Re: transient counterflow flames

[Ray Speth]

Dirk,

You are correct, Cantera's 1D solver only solves the steady-state problem. 

As it happens, I have written a program, Ember, for simulating time-dependent 1D flames. I recently made it available under an open source (MIT) license. You can download the source code from Github:

    https://github.com/speth/ember

And view the documentation here:

    http://speth.github.io/ember-doc/sphinx/html/index.html

The program solves a variety of 1D flame configurations: strained or unstrained, premixed or diffusion, planar or curved (tubular). It is built on top of Cantera, and uses Cantera to do all the low-level kinetics and thermodynamics bookkeeping. The solver itself is quite robust;  In my experience, it is able to find solutions to many problems where Cantera's solver does not converge. The main reason I haven't publicized it before is because it doesn't currently have a lot of good examples to get users started, though there are a few included that I think you could adapt to the problem you're interested in. Please let me know if you find Ember to be useful.

Regards,

Ray

On Monday, May 20, 2013 6:03:48 PM UTC-4, dirk.g...@googlemail.com wrote:

Hi,
I would like to compute the ignition process of fuel versus heated air. 

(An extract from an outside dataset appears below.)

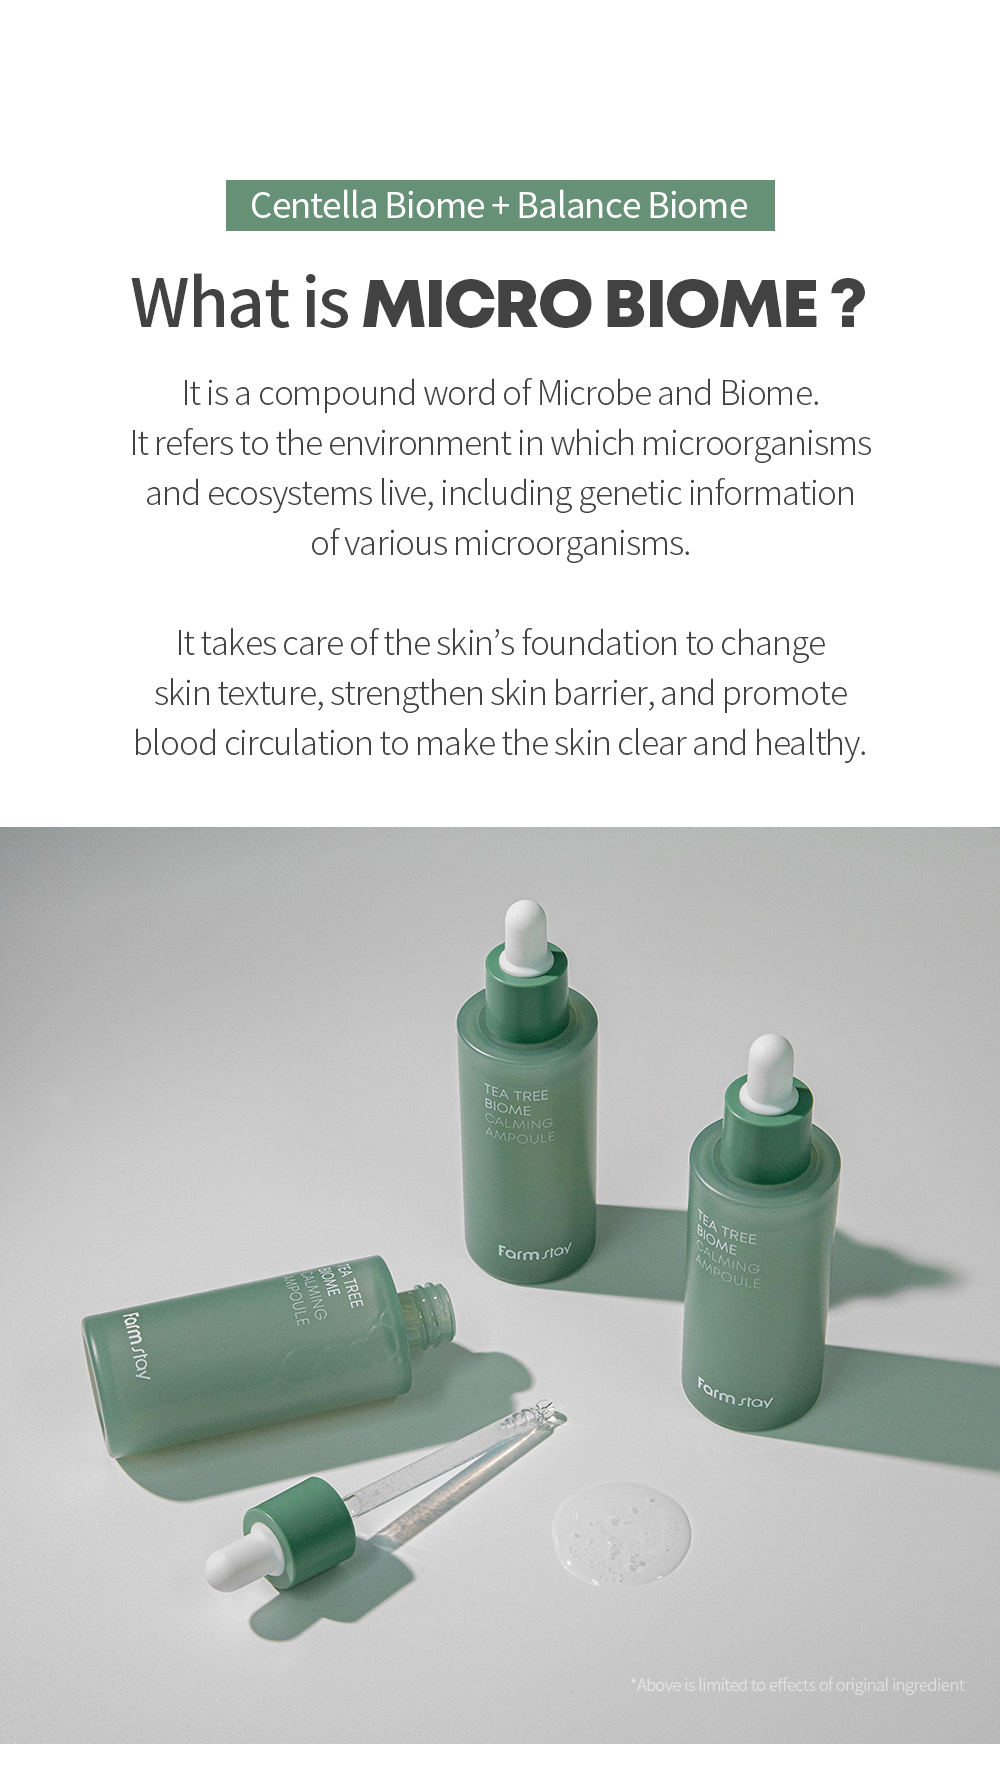 cosmetics product image-S1L5

Is it possible to do this with Cantera by observing the transient ignition processes within the counterflow flame ?
I.e. the changes in composition and temperature during the ignition process.

I did not find any example for that on the web and fear that it may not be possible to do this with Cantera.

Dirk

[Ray Speth]

Hi Dirk,

(1) It should be possible to simulate this configuration, except that as you note there's no way to currently define the composition of the hot gas directly. I'll look into adding a way of specifying this information; it shouldn't be too difficult.

(2) Ember can include the Soret diffusion fluxes using the thermal diffusion coefficients computed from the Multicomponent model. However, the fluxes due to concentration gradients are currently always computed using the mixture-averaged properties, since in this case the problem becomes independent for each species. In principle, the full multicomponent equations could be solved, but I think this would come at a significant performance penalty, and would take a fair bit of work to implement.

(3) The strain rate in Ember is the strain rate in the unburned mixture. If you want to think of the strained flame in terms of the typical experimental realization, Ember's model is effectively the limiting case where the separation between the jets approaches infinity. I'm not sure how to apply the definition of the "global strain rate" in this case.

Regards,

Ray

On Saturday, June 1, 2013 5:36:39 AM UTC-4, dirk.g...@googlemail.com wrote:

Ray,

I was looking over the examples (looks like I might give it a try soon).

Three questions:
1.) Is it possible it possible to run a case with cold prexmixed fuel versus hot products (autoignition) ? I did not find an example showing a way to define hot products.

2.) Is there a way to switch between the transport models ? (mixture averaged, multicomponent, multicomponent+soret) . We see in our data for the steady cases that the multicomponent+soret settings match the experiments best

3.) The strain rate settings: is it the global srain rate which is used here (Sehadri/Williams for example) or the strain rate in front of the thermal layer. Sorry for this last question, my background is on the experimental side.

Greetings,
Dirk

 

On Wednesday, May 22, 2013 2:38:41 PM UTC+2, dirk.g...@googlemail.com wrote:

Ray,

this sounds very interesting. I will see if I can find a student to run some tests with that. Too time consuming for me during the term, but cetrainly worth to spent some time in during the term break.

Dirk